Gerekçeli kararın sonuç bölümünde, Hizbullah’ın 1980’lerden bu yana din adına terörü acımasız şekilde uyguladığı vurgulanarak, “Uyguladığı acımasız şiddetle yıllarca korku salmıştır. Örgüt evleri ve camilerden çıkarılan cesetler örgütün korkunç ve acımasız yüzünü ortaya koymuştur” deniyor.

Şöyle devam ediliyor:

“Hizbullah, ilk aşamada Doğu ve Güneydoğu’da ve daha sonra Türkiye’nin tamanında demokratik, laik, hukuk düzenini yıkarak, İslam esaslarına göre yönetilen bir din devleti kurmayı amaçlamaktadır. Amacı için sürekli ve sistemli terör kullanmayı yöntem olarak benimsediğinden uyguladığı strateji terörizmdir. Eylemleri terörist eylemlerdir. Kurulduğu günden itibaren dini değerleri korumak adı altında yüzlerce insanı insanlık dışı işlencelerle sorgulayıp öldürmüş ve o değerleri acımasızca tahrip etmiştir.”

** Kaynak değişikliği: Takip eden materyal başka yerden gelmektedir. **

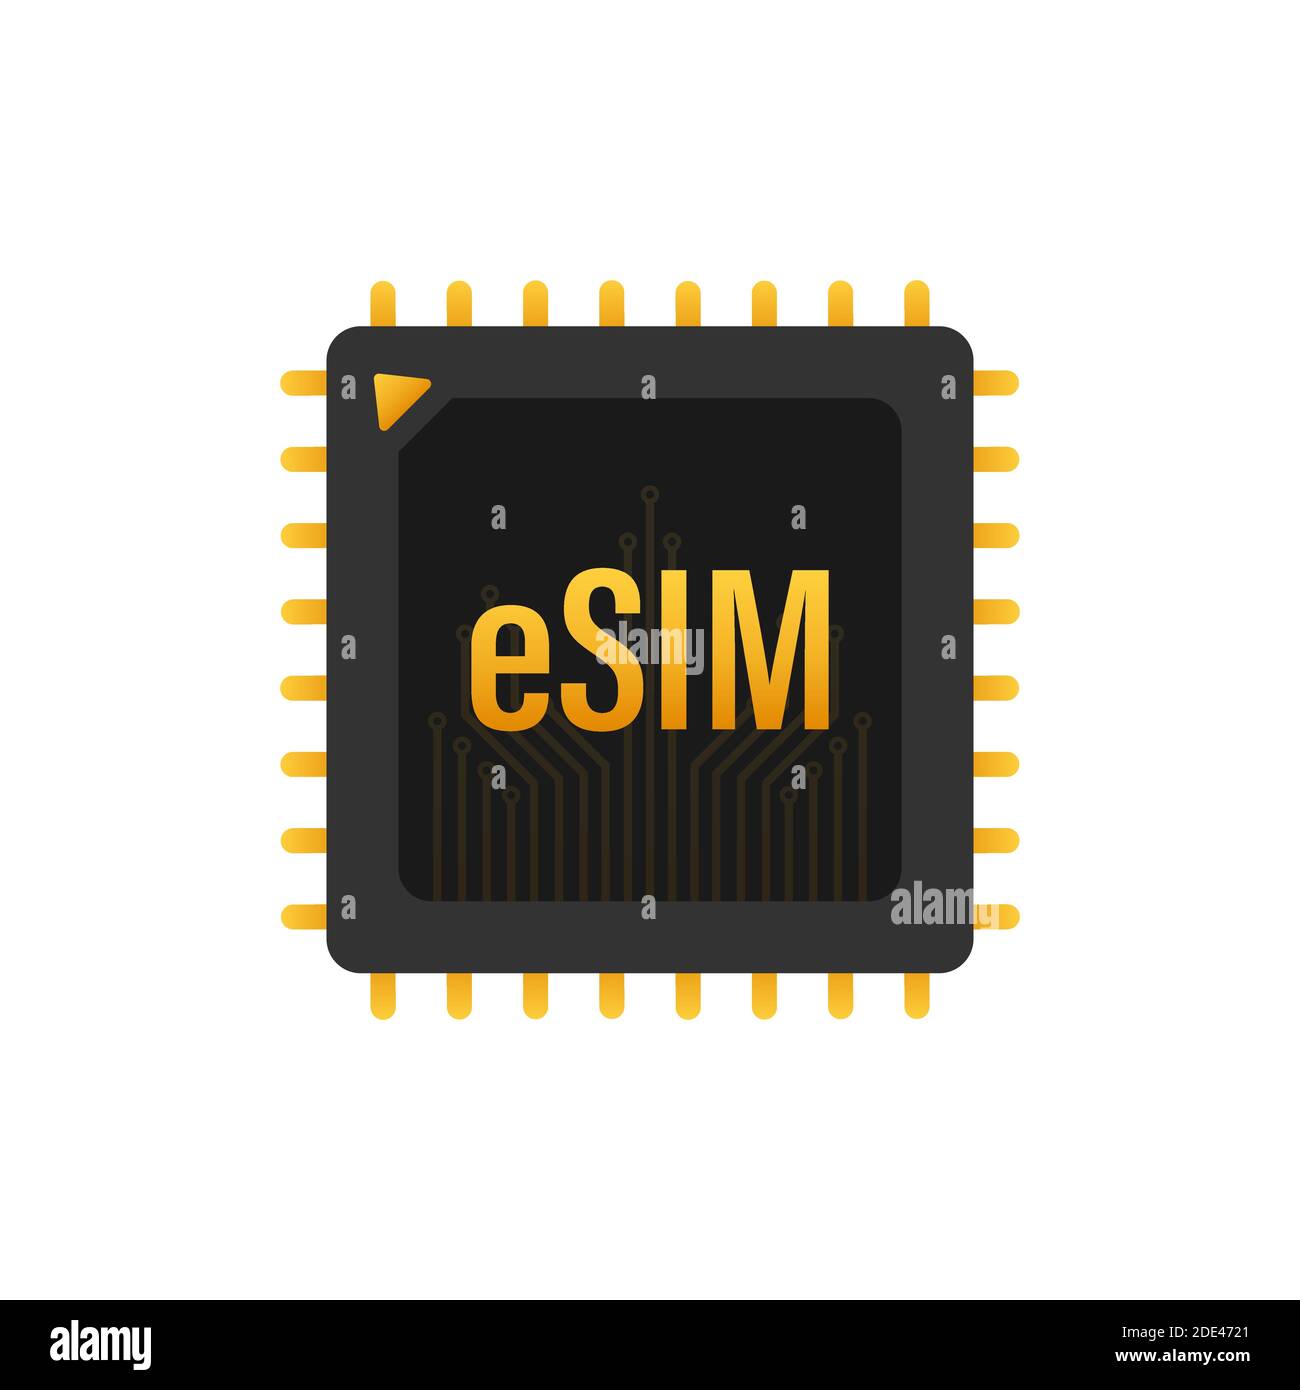 eSIM Embedded SIM card icon symbol concept. new chip mobile cellular communication technology. Vector stock illustration. Stock Vector

ÖNCE HİZBULLAH’LA, SONRA FETÖ İLE SAVAŞTI

Yapıcıoğlu, bu yargılamada başta Hizbullah’ın Batman askeri sorumlusu Mithat Yılmaz da dahil olmak üzere birden çok sanığın avukatlığını yürüttü. Yılmaz, 22 cinayet ve yaralamanın talimatı vermekten ceza aldı.

Yeniden yargılanma talebinin kabul edilmesi üzerine 2019’da tahliye edildi.

Şu an Türkiye’de mi, bilinmiyor.

Avukatı Yapıcıoğlu’nun yeri belli; AK Parti İstanbul Milletvekili olarak, hukuk düzenine etki eden kararlara imza atacak.

Diyeceksiniz ki...

Yapıcıoğlu’nun avukatlık yaptığı Hizbullah Batman - Adana Davası’nın hakimi kimdi ve şimdi nerede?

O hakim, Oktay Kuban’dı.

Kuban, Diyarbakır’dan sonra görevlendirildiği İstanbul Ağır Ceza Mahkemesi’nde, FETÖ’nün tutukladığı askerleri salıvererek, kumpasa karşı dik durmuştu.

Bakırköy’e sürüldü.

Atatürk portresini alıp gitti.

Eskişehir’de Çocuk Mahkemesi’ne atandı.

15 Temmuz’dan sonra İstanbul’a geldi.

Halen Çağlayan Adliyesi’nde Ticaret Mahkemesi’nde göreve devam ediyor.

Hizbullah’ın avukatı milletvekilliğiyle ödüllendirilirken, cesur hakimini TBMM’ye taşımak CHP’nin aklına gelmedi ve gelmiyor.